使用flink Table &Sql api来构建批量和流式应用(1)Table的基本概念

从flink的官方文档，我们知道flink的编程模型分为四层，sql层是最高层的api，Table api是中间层，DataStream/DataSet Api 是核心，stateful Streaming process层是底层实现。

其中，

flink dataset api使用及原理介绍了DataSet Api

flink DataStream API使用及原理介绍了DataStream Api

flink中的时间戳如何使用？---Watermark使用及原理介绍了底层实现的基础Watermark

flink window实例分析介绍了window的概念及使用原理

Flink中的状态与容错介绍了State的概念及checkpoint，savepoint的容错机制

0. 基本概念：

0.1 TableEnvironment

TableEnvironment是Table API和SQL集成的核心概念，它主要负责:

　　1、在内部目录Catalog中注册一个Table
　　2、注册一个外部目录Catalog
　　3、执行SQL查询
　　4、注册一个用户自定义函数UDF
　　5、将DataStream或者DataSet转换成Table
　　6、持有BatchTableEnvironment或者StreamTableEnvironment的引用

/**

 * The base class for batch and stream TableEnvironments.

 *

 * <p>The TableEnvironment is a central concept of the Table API and SQL integration. It is

 * responsible for:

 *

 * <ul>

 *     <li>Registering a Table in the internal catalog</li>

 *     <li>Registering an external catalog</li>

 *     <li>Executing SQL queries</li>

 *     <li>Registering a user-defined scalar function. For the user-defined table and aggregate

 *     function, use the StreamTableEnvironment or BatchTableEnvironment</li>

 * </ul>

 */

0.2 Catalog

Catalog：所有对数据库和表的元数据信息都存放再Flink CataLog内部目录结构中，其存放了flink内部所有与Table相关的元数据信息，包括表结构信息/数据源信息等。

/**

 * This interface is responsible for reading and writing metadata such as database/table/views/UDFs

 * from a registered catalog. It connects a registered catalog and Flink's Table API.

 */

其结构如下：

0.3 TableSource

在使用Table API时，可以将外部的数据源直接注册成Table数据结构。此结构称之为TableSource

/**

 * Defines an external table with the schema that is provided by {@link TableSource#getTableSchema}.

 *

 * <p>The data of a {@link TableSource} is produced as a {@code DataSet} in case of a {@code BatchTableSource}

 * or as a {@code DataStream} in case of a {@code StreamTableSource}. The type of ths produced

 * {@code DataSet} or {@code DataStream} is specified by the {@link TableSource#getProducedDataType()} method.

 *

 * <p>By default, the fields of the {@link TableSchema} are implicitly mapped by name to the fields of

 * the produced {@link DataType}. An explicit mapping can be defined by implementing the

 * {@link DefinedFieldMapping} interface.

 *

 * @param <T> The return type of the {@link TableSource}.

 */

0.4 TableSink

数据处理完成后需要将结果写入外部存储中，在Table API中有对应的Sink模块，此模块为TableSink

/**

 * A {@link TableSink} specifies how to emit a table to an external

 * system or location.

 *

 * <p>The interface is generic such that it can support different storage locations and formats.

 *

 * @param <T> The return type of the {@link TableSink}.

 */

0.5 Table Connector

在Flink1.6版本之后，为了能够让Table API通过配置化的方式连接外部系统，且同时可以在sql client中使用，flink 提出了Table Connector的概念，主要目的时将Table Source和Table Sink的定义和使用分离。
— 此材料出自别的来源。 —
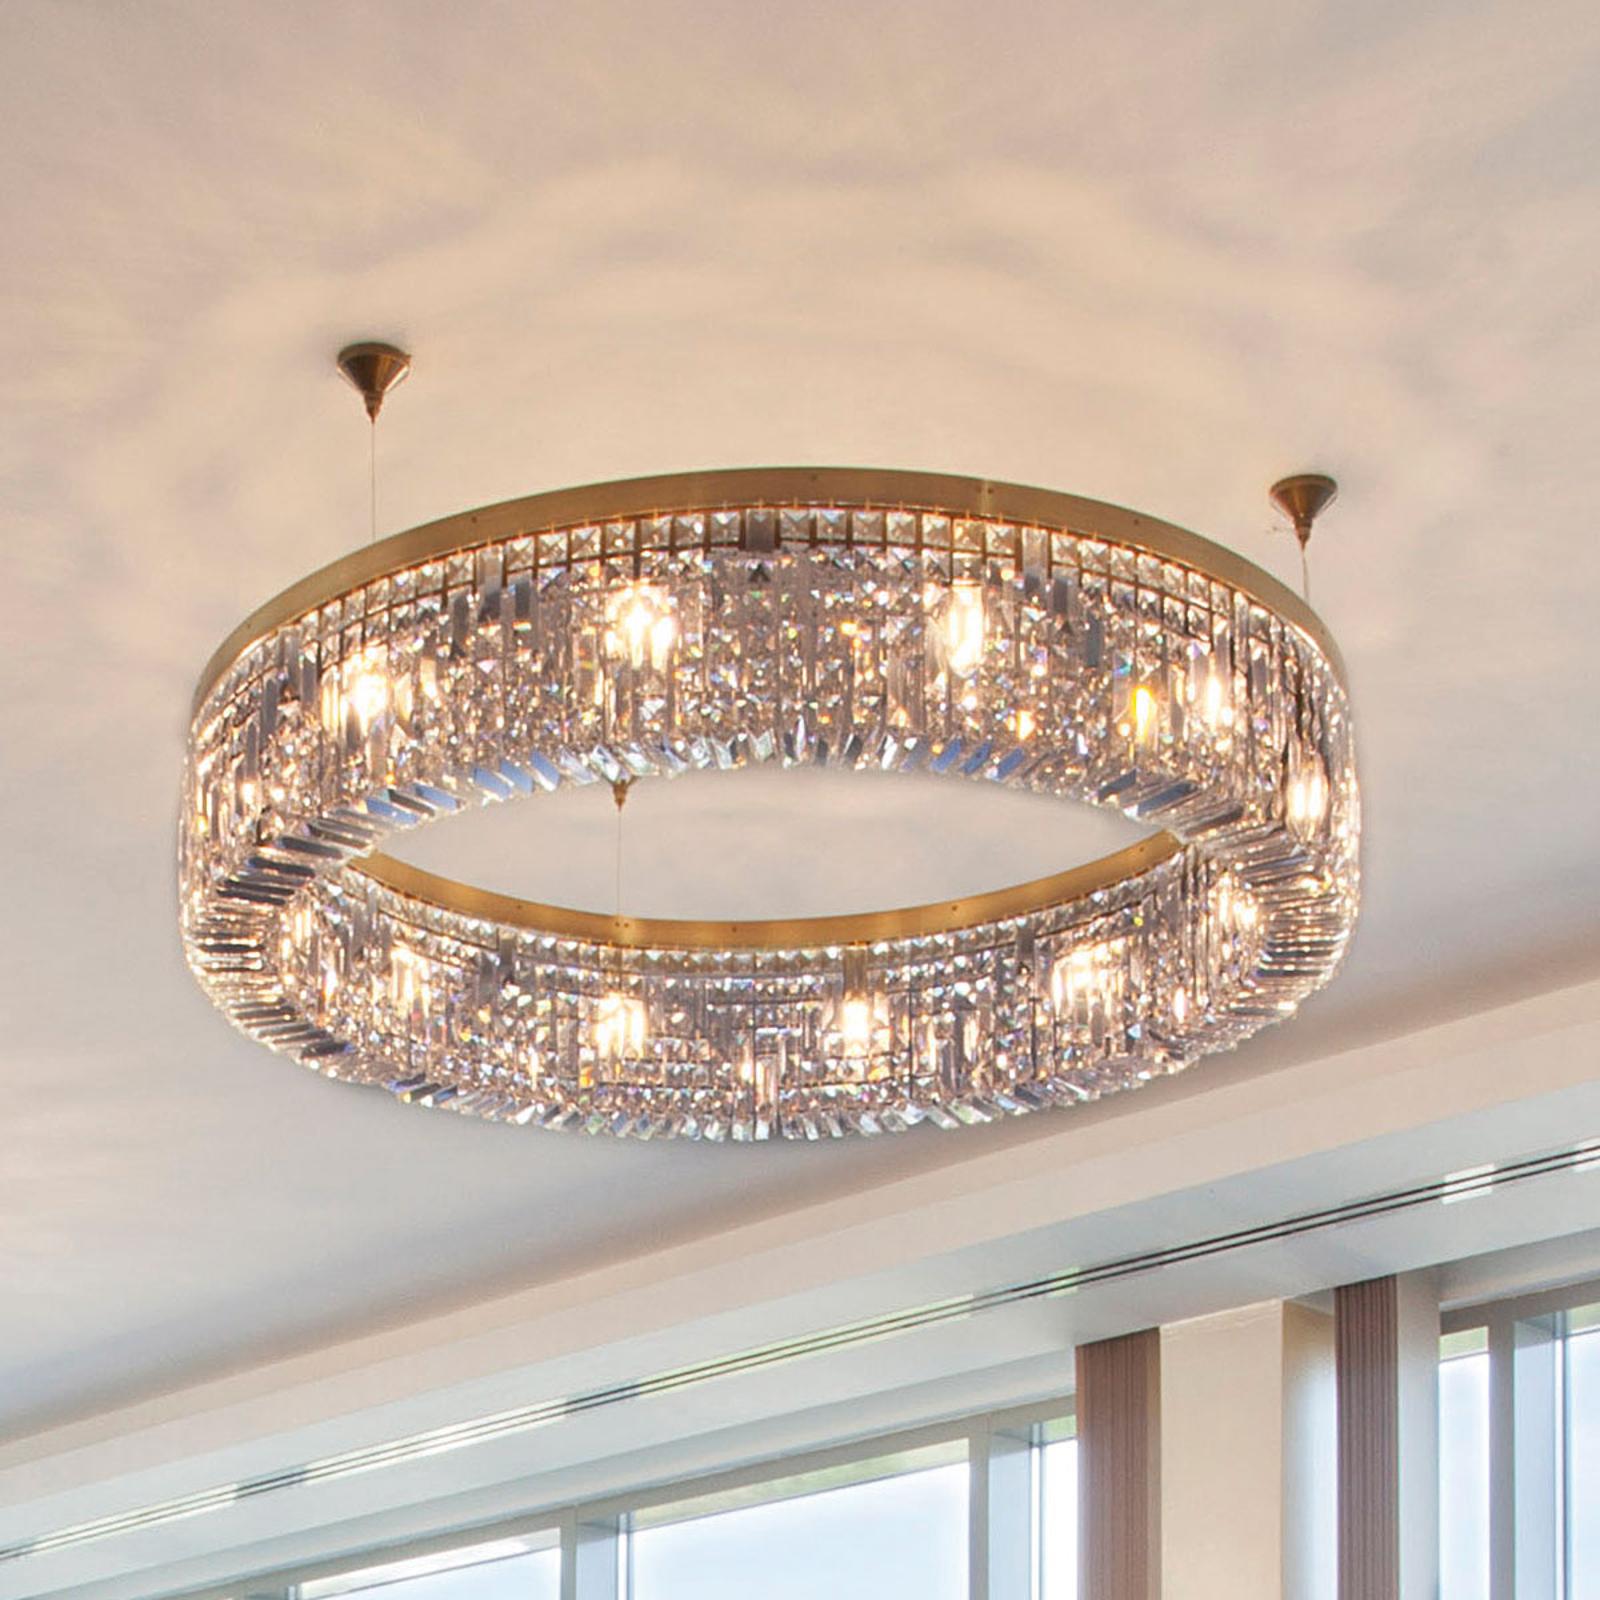 Glanzend kristallen hanglamp Ring 100 cm goud

通过Table Connector将不同内建的Table Source和TableSink封装，形成可以配置化的组件，在Table Api和Sql client能够同时使用。

    /**

     * Creates a table source and/or table sink from a descriptor.

     *

     * <p>Descriptors allow for declaring the communication to external systems in an

     * implementation-agnostic way. The classpath is scanned for suitable table factories that match

     * the desired configuration.

     *

     * <p>The following example shows how to read from a connector using a JSON format and

     * register a table source as "MyTable":

     *

     * <pre>

     * {@code

     *

     * tableEnv

     *   .connect(

     *     new ExternalSystemXYZ()

     *       .version("0.11"))

     *   .withFormat(

     *     new Json()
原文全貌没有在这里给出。